Harry Reid’s rejection of fast-track trade negotiating authority is also un-newsy to anyone remembering similar Democratic hostility to fast-track during the Clinton administration. Yes, there is underlying tension within the Democratic coalition (and also within the Republican coalition, though to a lesser extent) over trade policy, but again, it goes back at least to the 1970s.

The Democratic “revolt” on Iran policy is yesterday’s news in a somewhat different respect: it has been largely quelled as Democratic cosponsors of the Menendez-Kirk sanctions legislation mostly line up in favor of letting Harry Reid keep the bill off the Senate floor until the administration’s negotiations with Iran run their course.
There’s more, but you get the idea. The bare bones of Politico’s hackfest here is that Democrats aren’t of a hivemind — like the lockstep thinking that’s usually a hallmark of the GOP — and that means everything’s in disarray and the party’s falling apart and the White House’s legislative agenda is in shambles and isn’t it all so wonderfully chaotic and newsworthy that you just have to read you some Politico?

But none of this is anything new. It’s become cliché to say that getting Democrats on the same page is like herding cats. and that’s because people have been repeating the analogy for years. None of this is new. Democrats tend to be more independent-minded and willing to go their own way than the more authoritarian and doctrinaire Republicans — Republicans who, ironically, claim to value individualism.

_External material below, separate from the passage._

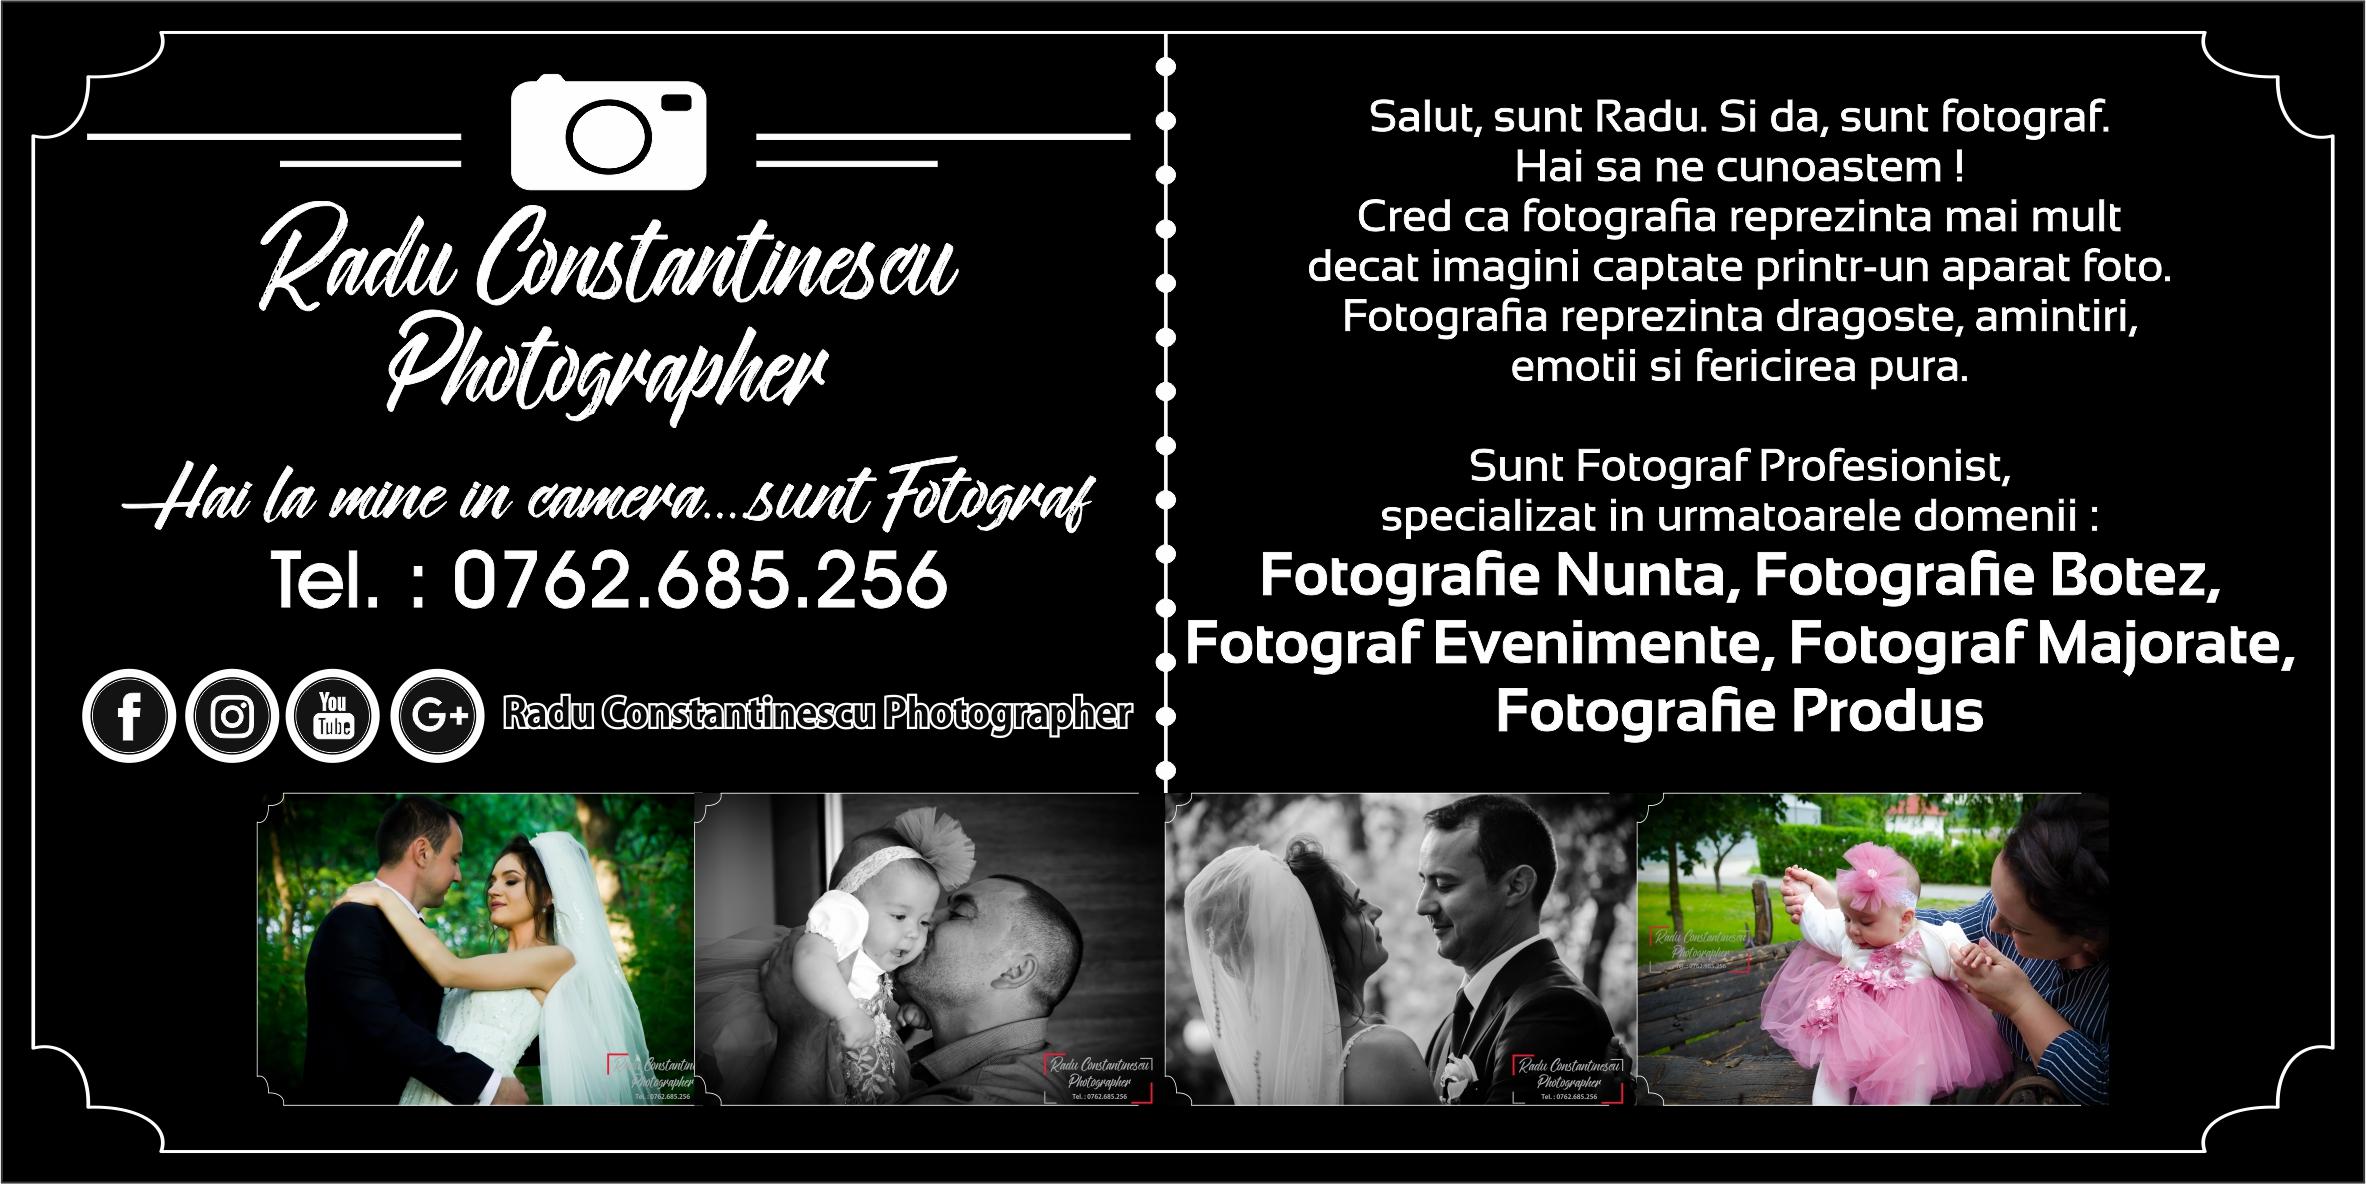 Oferta Fotograf Botez Craiova, Slatina, Caracal, Calafat, Severin, Taragu Jiu, Bals

Stories like this are less about Washington and more about Politico’s market strategy. They seek to be the most important journalistic voice in DC by being the one that “drives the conversation.” So if you’re not reading Politico, you’re out of the loop. And you drive the conversation not by being accurate, apparently, but by twisting facts in order to “find” stories that no one else is reporting on. This isn’t so much actually “driving the conversation” as it is “being a hack.”

And it’s not so much journalism as it is writing Washington insider fan fiction.